His assertion that the GOP has been knocked on its keister by the Virginia vote is a bit of overreaching. If Virginia’s redistricting stands, and California’s seems solid, they will basically set the count in the House back to where it was, and if Florida is able to gerrymander in time for the midterms, the GOP should get a gain, assuming that they carry the day in the new presumably loyalist districts.
That, at the moment, is a somewhat shaky assumption. Most projections expect Democrats to gain a majority in the House and give them at least a chance of capturing the Senate.
Meanwhile, Kelley uses the news to launch an attack on Abigail Spanberger, a rising star in the Democratic Party. The issues the judge has raised are technical and somewhat complex, but complexity rarely comes into wide distribution in partisan politics, and Kelley reduces things to a claim of dishonesty backed with ridicule.
It’s not often that Jones becomes the voice of moderation, but despite his ongoing ridicule of Trump and Miller, he gets the basic facts correct: The Virginia vote is a response, not an initiative, and one that the government hopes to squelch before it can affect the midterms.
And it’s only fair to point out that rushing to judgment is not purely a conservative tactic. Wexler has contributed one of a flood of cartoons about Kash Patel that seem more like drunk jokes than discussions of the Atlantic story and his lawsuit.
Patel is an irresistible target. While Pam Bondi infuriated the opposition by her attitude, Patel is more like Krisi Noem, drawing abuse on himself by obnoxious and questionable personal behavior. Noem flew around with her great good friend and advisor, while Patel was requisitioning government jets to go visit his GF.
Whether you can behave like that and keep your job may be secondary to the effect it has in drawing abuse from opposition commentators.

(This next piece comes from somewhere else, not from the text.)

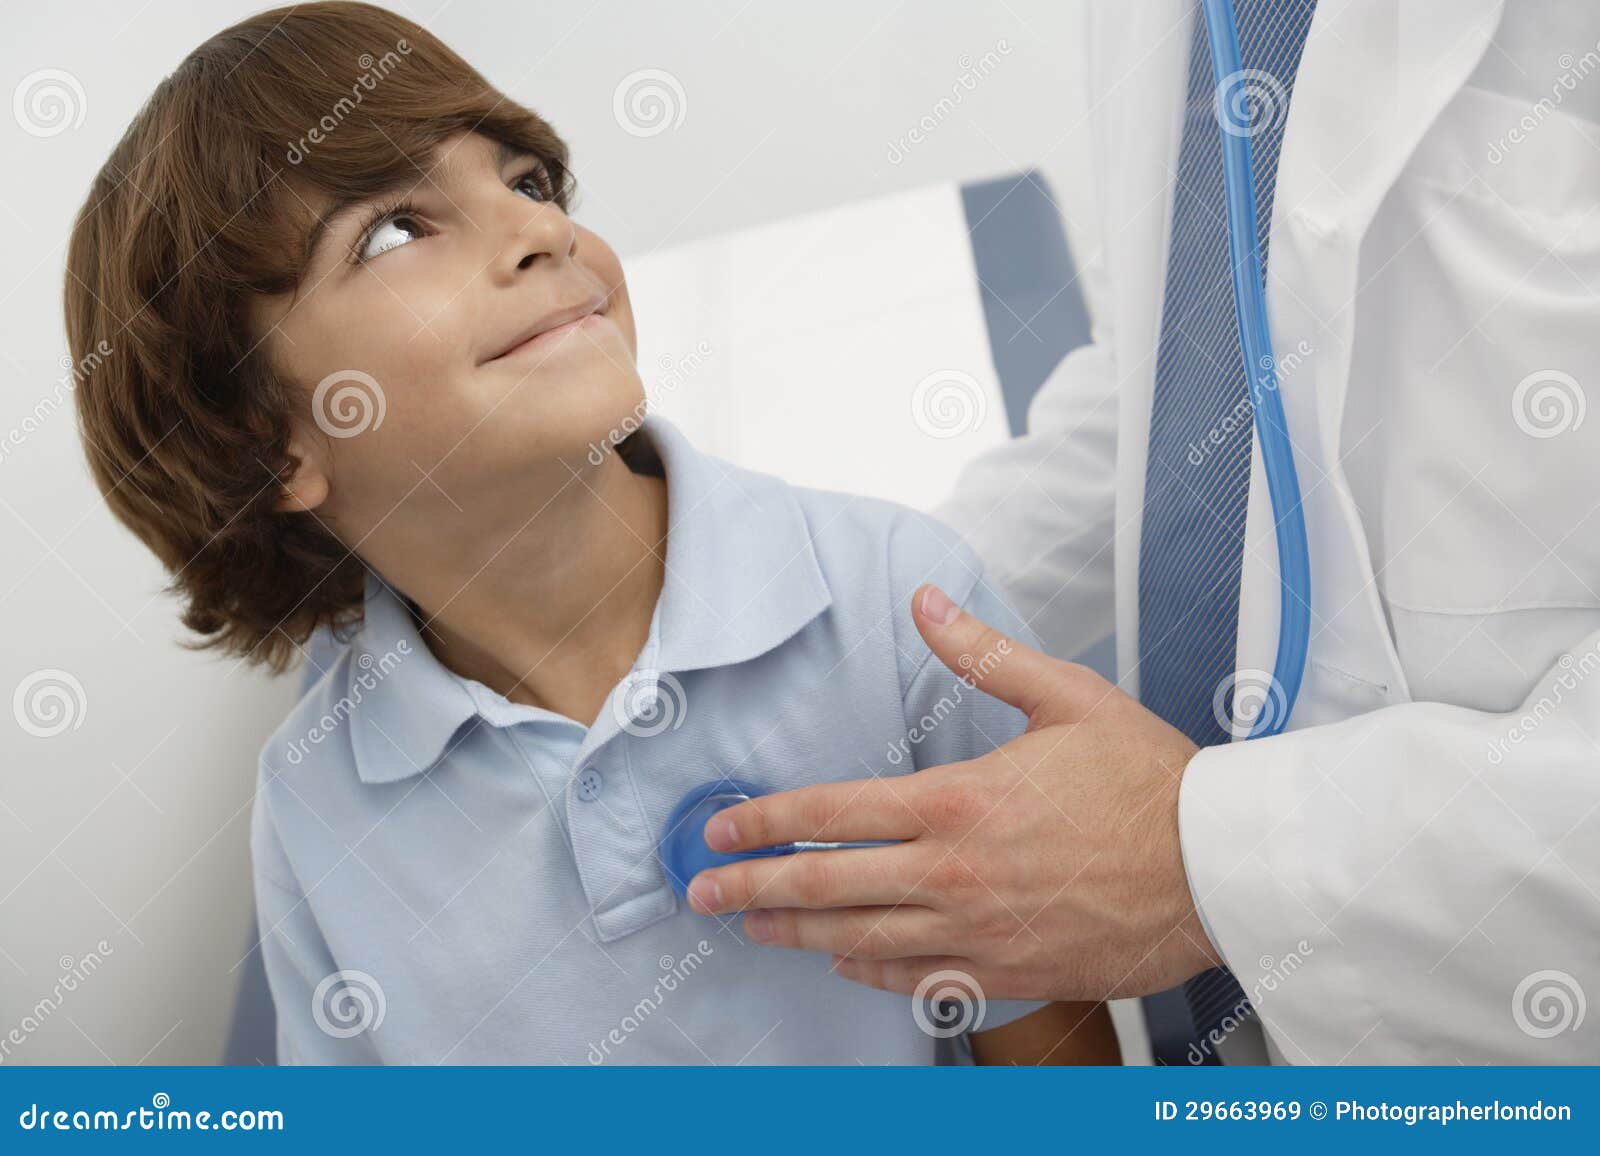 Exam doctor. Врач осматривает мальчика. Подросток у мужского врача. Doctor examining boy. Doctor examining a teenage boy with a stethoscope stock phot.

Still, the issue is not so much whether he is a drunkard but rather whether the Atlantic story was well-grounded, and it certainly appears to be, nor does the magazine intend to bend the knee and go down without a fight.
Whether he is habitually drunk or not, his lawsuit seems performatory and futile, perhaps aimed at protecting his job with a gesture to an audience of one. But he should hope to have it dismissed early, because the discovery process would do far more damage than the magazine article did.
And speaking of foolish performative actions, Wuerker notes the bizarre nature of tomorrow’s White House Concubines Association dinner, at which the guest of honor will be someone who has, as he notes, sued a number of media outlets, and has attacked the press from his first campaign. (Note: The NYTimes is a long-time no-show.)
Margaret Sullivan has an excellent take on the event, which she will not be attending, and it’s a point in her favor that she looked down on the schmoozefest well before this year’s compromised edition, in which there is no comedian because it might offend Dear Leader.
As if having Bari Weiss next to Pete Hegseth at the CBS table weren’t offensive enough.
Reporters have to get to know sources if they want to ever ask them questions they don’t want to answer. Certainly, in my reporting days, I went to a lot of events in which I schmoozed and mingled with sources.
Sometimes it genuinely was a reporting assignment, but more often it was a chance to casually hear gossip that could later be turned into a story.
People at the Chamber’s Friday wine gatherings knew I was a reporter and that nothing was ever off the record, but we all understood how the game was played, and if I wanted to do a story, I’d let them know I planned to contact them later, by which point I’d already know a fair amount.
Incidentally, going to Chamber and Realtor gatherings didn’t provide as many tips as I got from the muddy-boot guys at the Home Builders Association dinners, who knew who had a shovel in the ground and who was just blowing hot air.
And there’s nothing but hot air at the WHCA dinner. It’s not only ethically dubious to attend, and, in this year’s case, moreso, but it’s an event that publicizes the too-cozy relations that spring up in the Beltway greenhouse while real news is happening, and being gathered, out in the real world.